Они ждали. Мария Александровна бледная, почти прозрачная от болезни, встретила его словами: «Вы не ранены. Слава Богу. Я очень волновалась. Позвольте же теперь мне лечь — ноги не держат».

Сыновья окружили его.

   — Папа, вам нельзя появляться вне дворца без охраны, — озабоченно говорил цесаревич. — Ни один монарх не расхаживает столь беспечно по улицам подобно вам.

   — Да-да, — вторили ему Сергей и Владимир.

«А сам небось мечтает поскорей занять моё место, — пронеслось против воли в голове Александра. — Почтительность — вот его единственное достоинство. Он уж видит ореол вокруг своей головы и вензель «А» с тремя палочками».

   — Кабы не уменье бежать, он бы в меня попал. Рылеев отстал, жандармы чесались, — сердито сказал он. — Гордитесь своим отцом: в шестьдесят один год он не утратил резвости. Меня смутила чиновничья фуражка злодея... Будем ждать донесений...

Первым явился к государю Александр Романович Дрентельн, шеф жандармов — час его доклада приходился на утро следующего дня.

   — Ну-с, недреманное око государевой безопасности, равно и государственной безопасности, что скажите? — нескрываемая ирония прозвучала в этом вопросе.

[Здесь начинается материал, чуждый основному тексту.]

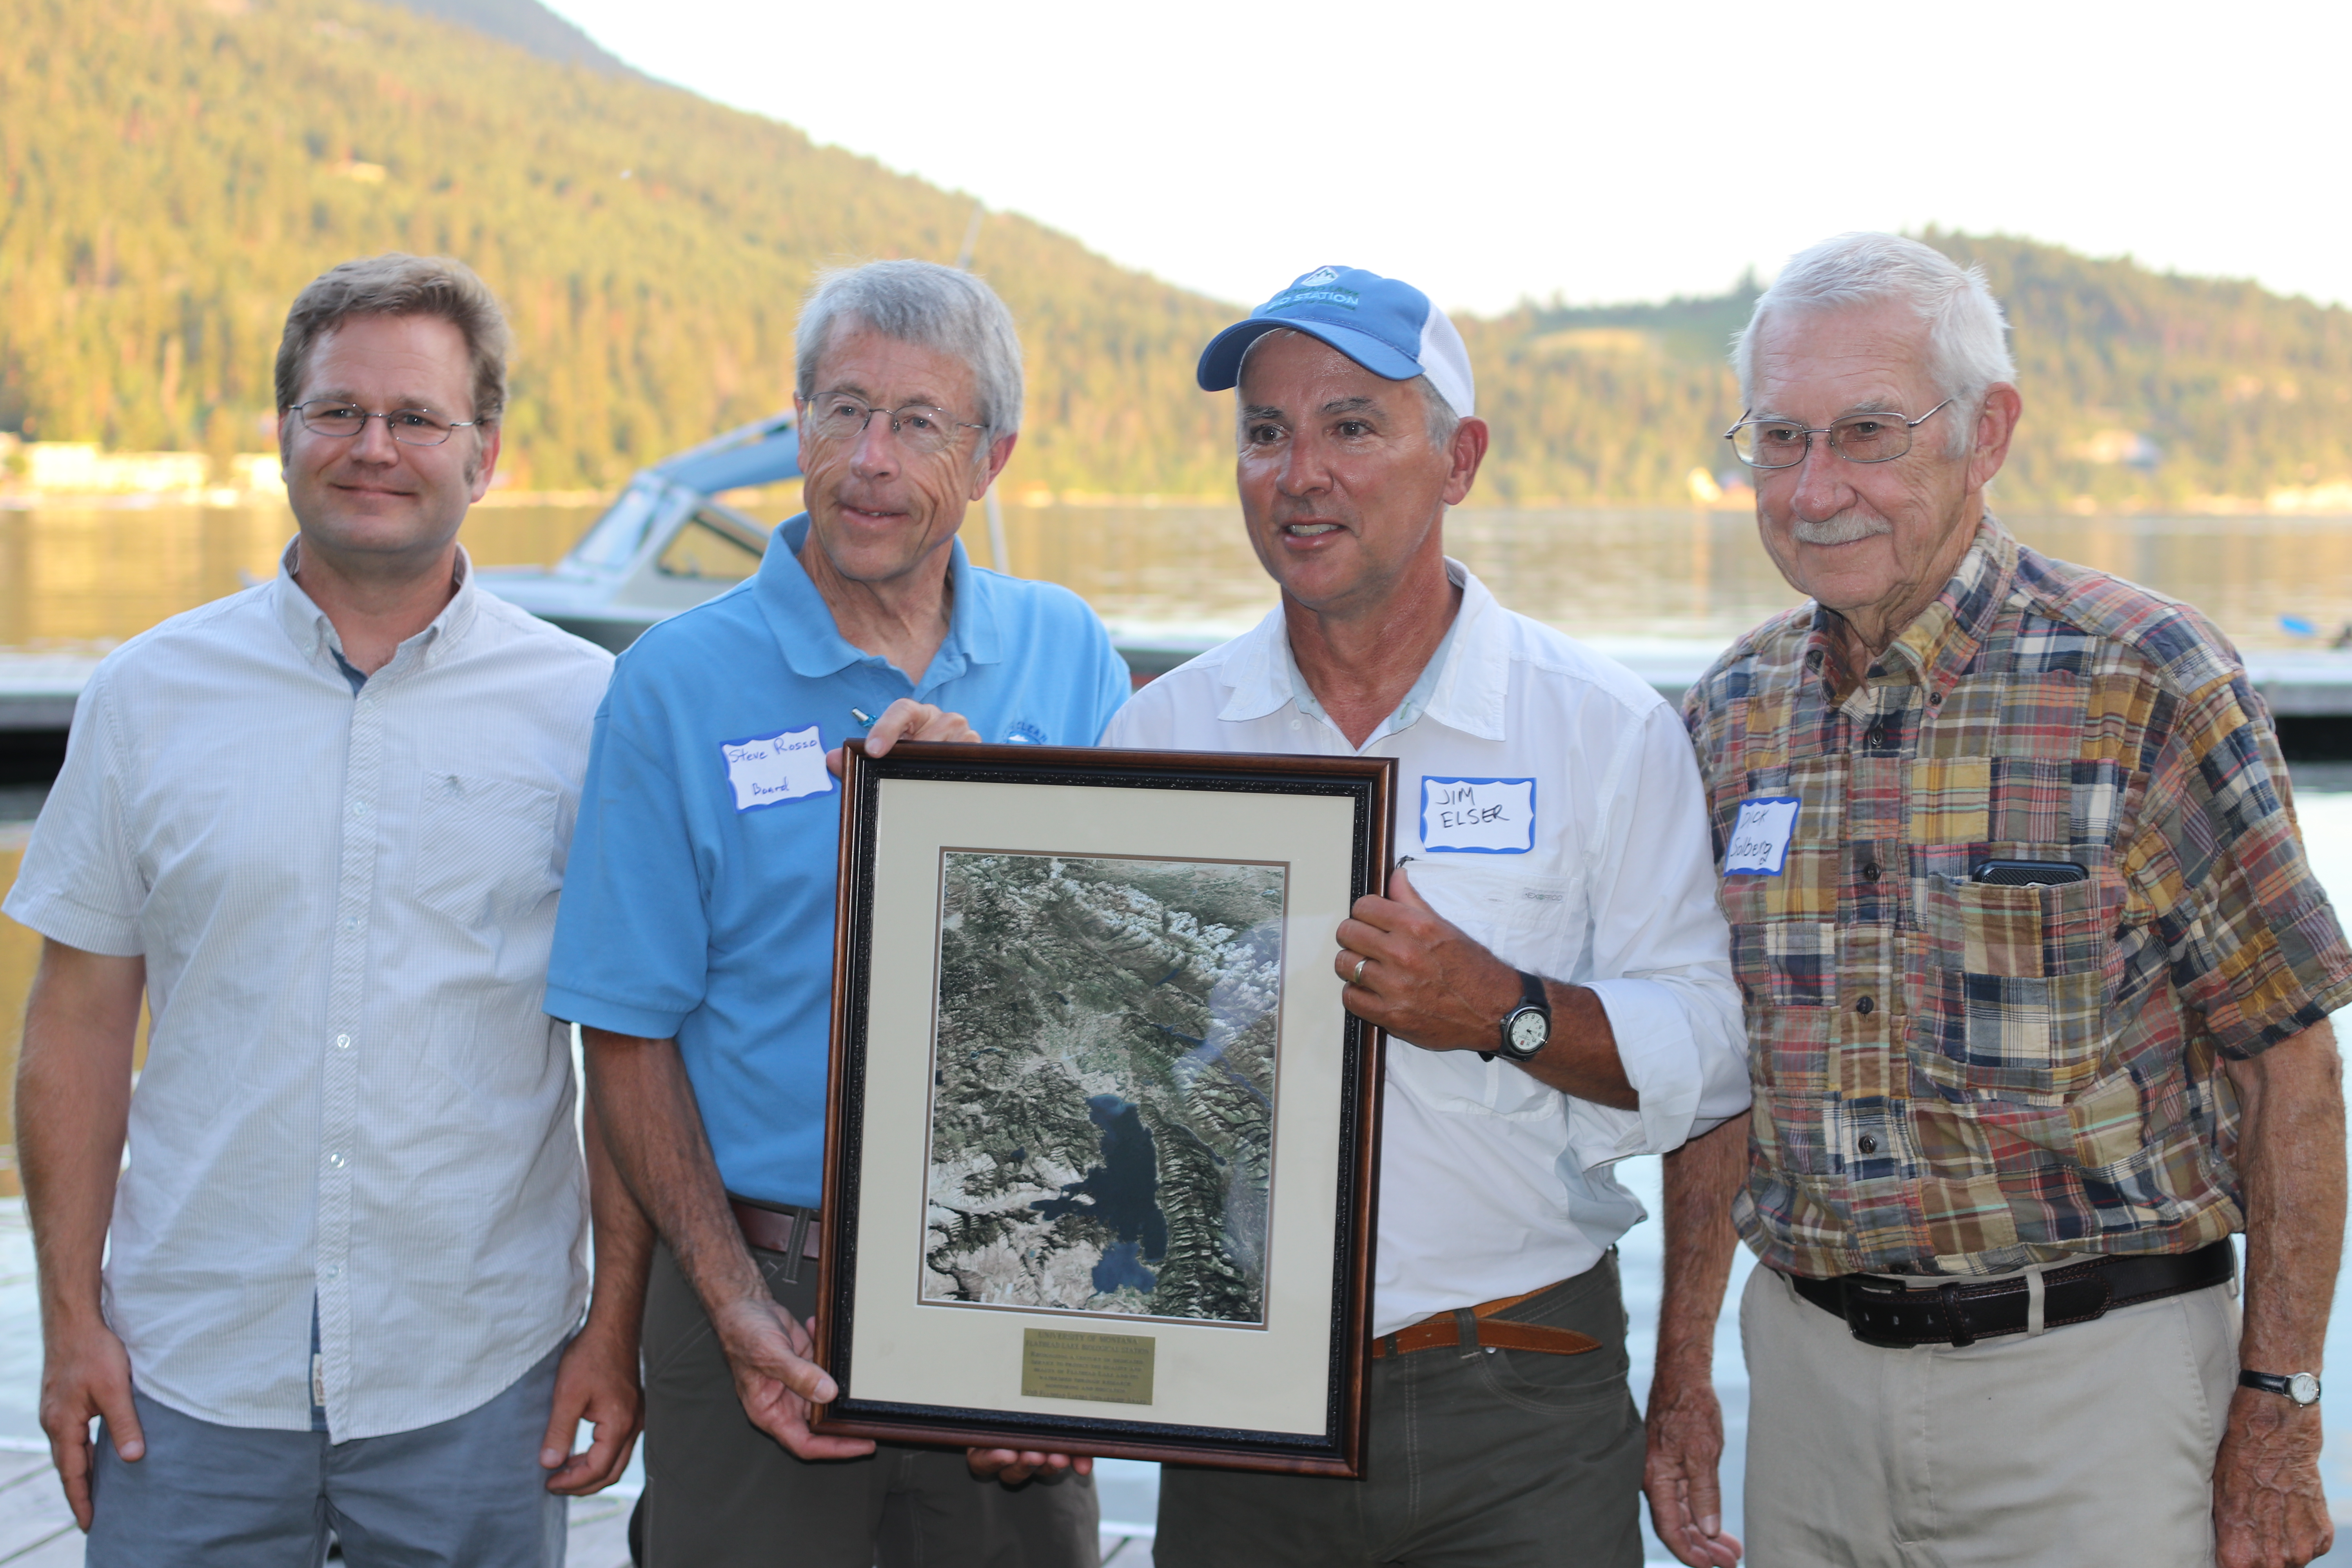 Flathead Lakers president Steve Rosso presents the 2018 Flathead Lakers Stewardship award to FLBS Assistant Director Tom Bansak, FLBS Director Jim Elser, and former FLBS Director Dick Solberg

   — Злодей допрошен, Ваше величество. И дал письменные показания. Звать его Соловьёв Александр Константинович, от роду ему тридцать три года...

   — Возраст Христа, — ухмыльнулся Александр.

   — Недоучившийся студент, учительствовал время от времени. Мы предполагаем, что он принадлежит к преступной организации, но он покамест это отрицает...

   — Читай показания, — нетерпеливо перебил его Александр.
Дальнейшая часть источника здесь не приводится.